Die gewählten Vertreter des Vereins leiten die Zunft und marschieren bei den Umzügen stets voran.
Die Garde
Jahr um Jahr überzeugen unsere Gardemädchen mit ihren Märschen und ihren einfallsreichen Showtänzen. Von klein bis groß sind alle Gardemädchen mit großem Engagement bei der Sache. Folgende Altersstufen gibt es: Fanta-Garde, Mini-Garde, Teenie-Garde und die Große Garde. Genau wie der Elferrat sind alle unsere Garden in rot und weiß gekleidet.
Der Hansele
Unsere Hansele gelten allseits als nette Zeitgenossen und zählen mit ihren zwei bis vier Riemen zu unseren Glockenträgern. Gekleidet sind sie in weißer Hose, braunem Oberteil und einem weißen Kragen. Die Maske zeigt ein freundliches Gesicht umrahmt mit Hanfhaaren und einem Blumenkranz. Fehlen dürfen auch der orangene Schirm sowie ein Korb voller Bonbons nicht. Diese werden bevorzugt vom Hansel an Kinder verteilt.
Der Narro
Der Narro ist der zweite Glockenträger unserer Zunft und trägt bis zu acht Glockenriemen. Der Narro zählt zu den Weißnarren und hat auf seinem Häs verschiedene Motive aufgemalt – hauptsächlich aus der Vöhringer Ortsgeschichte. Die Maske ist dabei fein und freundlich. Auf der Brezelstange befinden sich immer reichlich Brezeln, die der Narro auch großzügig verteilt.
Der Schantle
Bei unseren alten Herren geht es an der Fasnet auch mal gemütlicher zu. Die Maske des Schantles zeigt ein älteres Gesicht und wird durch ein Fleckenhäß ergänzt. Ärgern sollte man den gemütlichen Herren allerdings nicht: Die Saubloder ist immer dabei und einsatzbereit.
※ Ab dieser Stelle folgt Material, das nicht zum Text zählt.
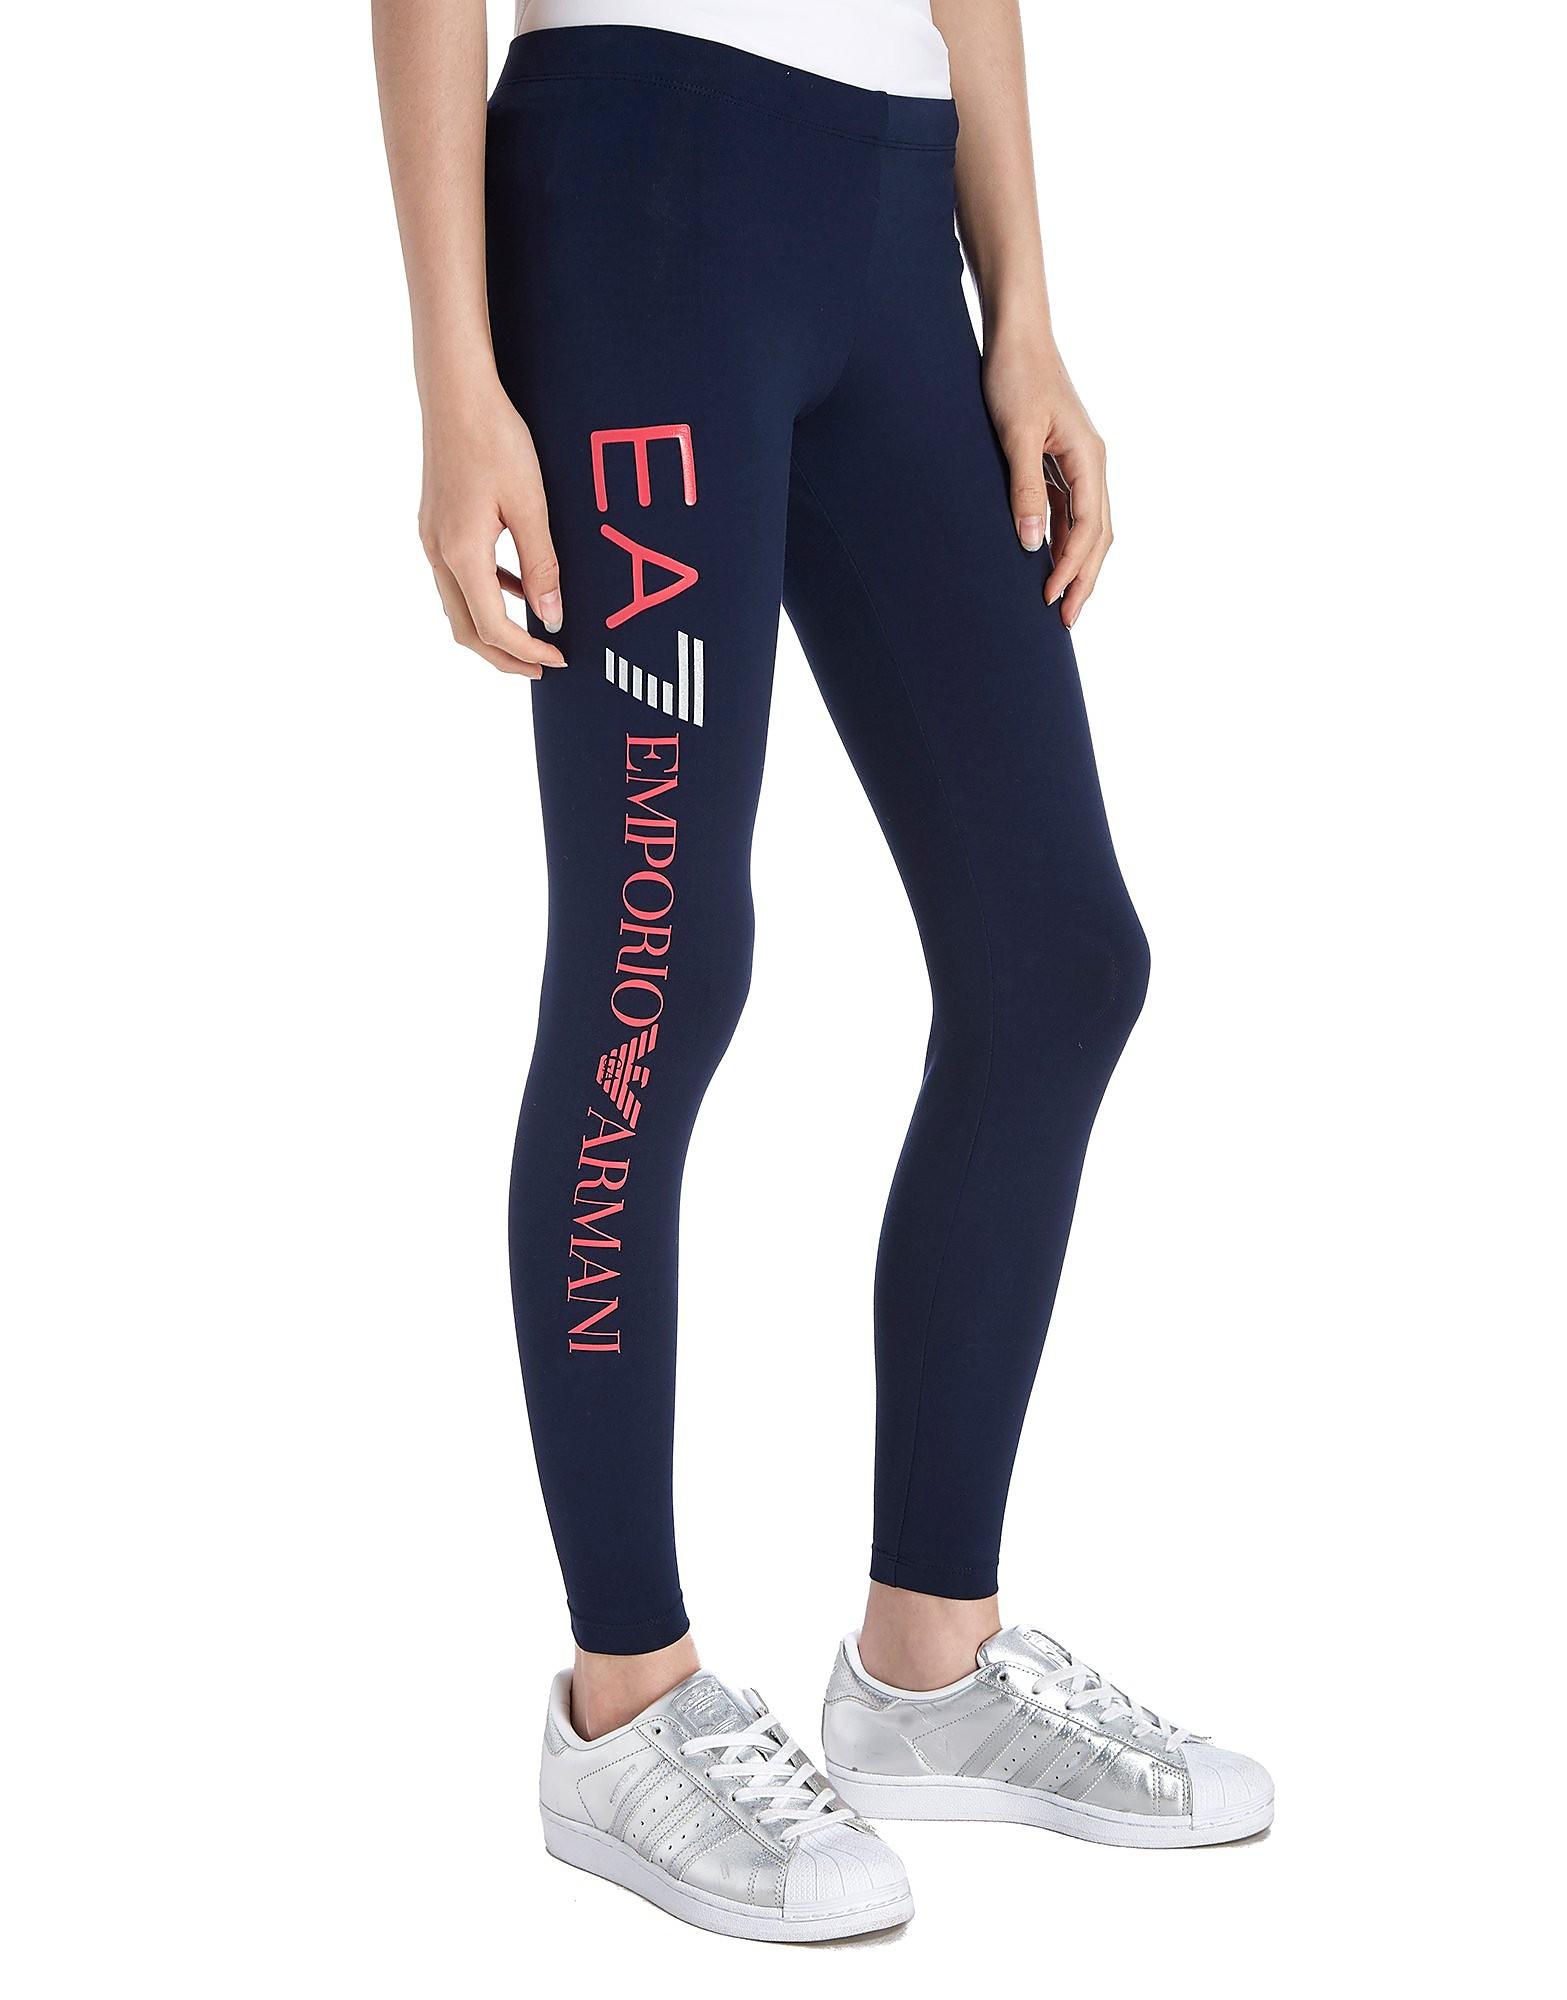 Emporio Armani EA7 Girls' Gloss Leggings Junior
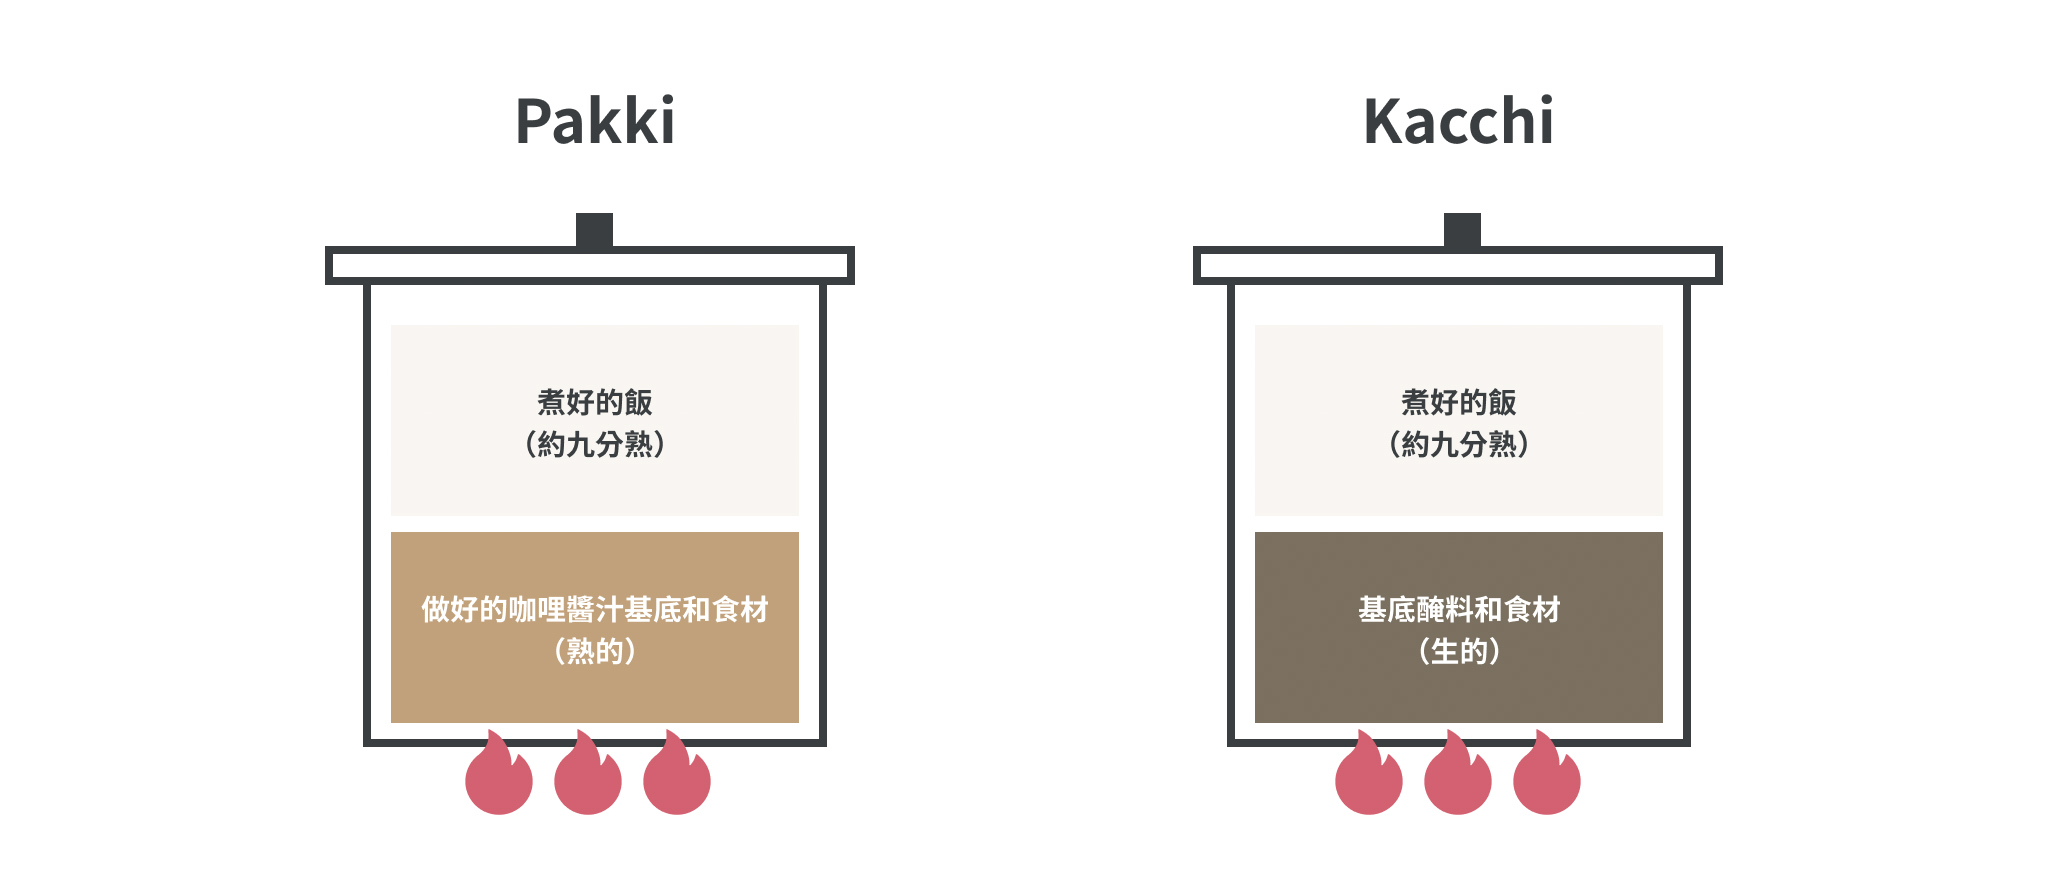 pakki kacchi的差異

Sind die Zuschauer nett zum Schantle, verteilt er gerne Wurst, Orangen und Bonbons.
Der Broatschua
Die Broatschua-Gruppe ist unserer Einzelfigur nachempfunden. Gleich wie sein Vorbild hat der Broatschua sehr große Füße. Das weiße Hemd wird mit einer grauen Weste und einer schwarzen Jacke kombiniert, auf der ein großes Vöhringer Wappen prangt. Die Maske des Broatschua ist äußerst markant. Das weißblonde Haar ist von einem schwarzen Hut bedeckt. Zusätzlich trägt er um den Körper einen großen Leinensack, worin kleine Geschenke für die Zuschauer Platz finden.
Der Teufel (Einzelfigur)
Der Teufel ist der neuste Geselle der Narrenzunft Vöhringen. Er ist eine Einzelfigur, die aus der Vöhringer Sage Entstand. Dort heißt es, dass er Vöhringer für immer aus der Hölle verbannt hat, weil ein Broatschua ihm auf den Schwanz trat. Zum 44-jährigen Bestehen der Zunft stieg er aus der Hölle empor und führt künftig seine große Hexenschar an.
Die Broatschua Hexa
Unsere Gründungsfigur ist nach all den Jahren noch immer die wildeste. Unverkennbar mit schwarzem Rock, roten Socken und vor allem der orangenen Bluse ist die Broatschua Hexe weit über die Grenzen Vöhringens hinaus bekannt für ihr wildes Treiben. Ergänzt durch eine dunkle Maske mit schwarzem Tuch und Rosshaaren gibt sie ihr unverkennbares Bild ab. Aber nicht nur Schabernack und Schrecken verbreitet unsere Hexe: Beim Hexentanz zeigt sie, dass sie auch akrobatisch ist.